DANCEHALL MAG has reported that Mr. Vegas has requested preliminary injunctive relief against VP Records over their “continued collection of royalties” for several of his hit songs, which are the subject of a copyright infringement and breach of contract lawsuit.
The lawsuit was originally filed in November 2020, and the dispute surrounds Mr. Vegas’ hit songs Heads High (1997) and its Kill ‘Em Wid it Re-mix (1998), Sucky Ducky (1998), Hot Wuk (2006), and Gallis (2009). It also involves four songs from Sean Paul’s debut album Stage One (2000), namely Haffi Get De Gal Ya (Hot Gal Today), Tiger Bone, and the skit Nicky, all of which featured Mr. Vegas; and Check It Deeply, which was produced by Mr.
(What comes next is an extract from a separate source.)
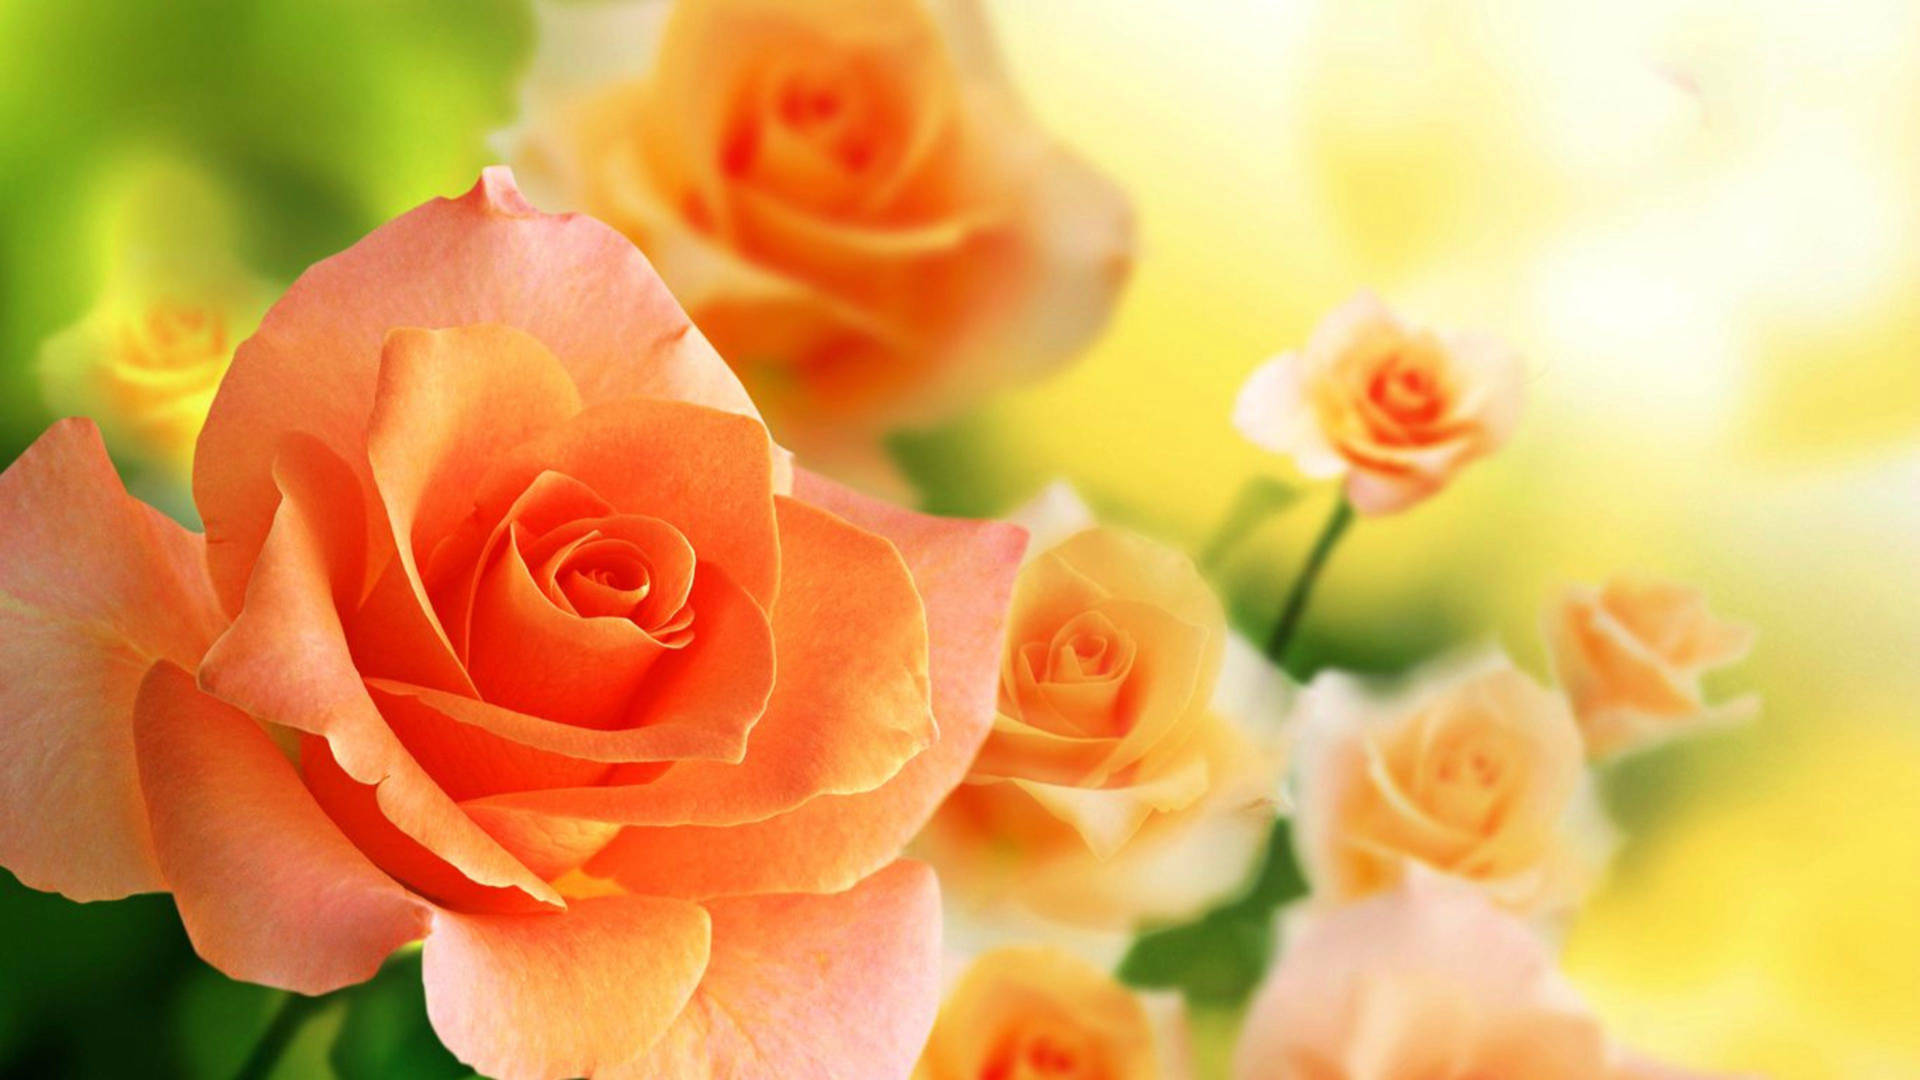 World's Most Beautiful Flowers Peach Roses Background

Vegas.
Court records obtained by DancehallMag revealed that Vegas (and his royalty collection company MV Music LLC) had engaged in court-ordered mediation with VP (V.P. Records Retail Outlet, Inc, V.P. Music Group, Inc and VP Music) over the last month.
There are settlement discussions taking place between the two parties, with the next mediation conference set for November 30, 2022, the court records show.
Mediation is a type of dispute resolution supervised by a neutral third party, in which the other parties try to come to an agreement on their dispute outside of court.
On June 13, 2022, the parties informed Judge Marcia M. Henry that the mediation efforts had failed. They, however, have agreed to a settlement conference with the judge, to be held on July 19, 2022, in another attempt to resolve the dispute before it moves toward a jury trial.
A major bone of contention is Heads High, which is Vegas’ most streamed song, VP also claimed that Vegas knew that Danny Browne owned the song.
“In fact, during the pendency of this action, Mr. Vegas asked his publishing administrator, Greensleeves Publishing Limited, to work with him and VP Music Group, to obtain permission from Mr. Browne so that approximately 20 seconds of the recording Heads High could be used at the beginning of a music video in which Mr. Vegas would be featured. The song is named “Suelta.” Although the name of the licensee is Rich Music, Inc., it was Mr. Vegas who arranged for the license to be issued to Rich Music, Inc., in exchange for a $3,000.00 payment so that the recording Heads High could be used.”
“If Mr. Vegas owned the recording Heads High, he would not have sought to pay for a license from Mr. Browne,” they argued.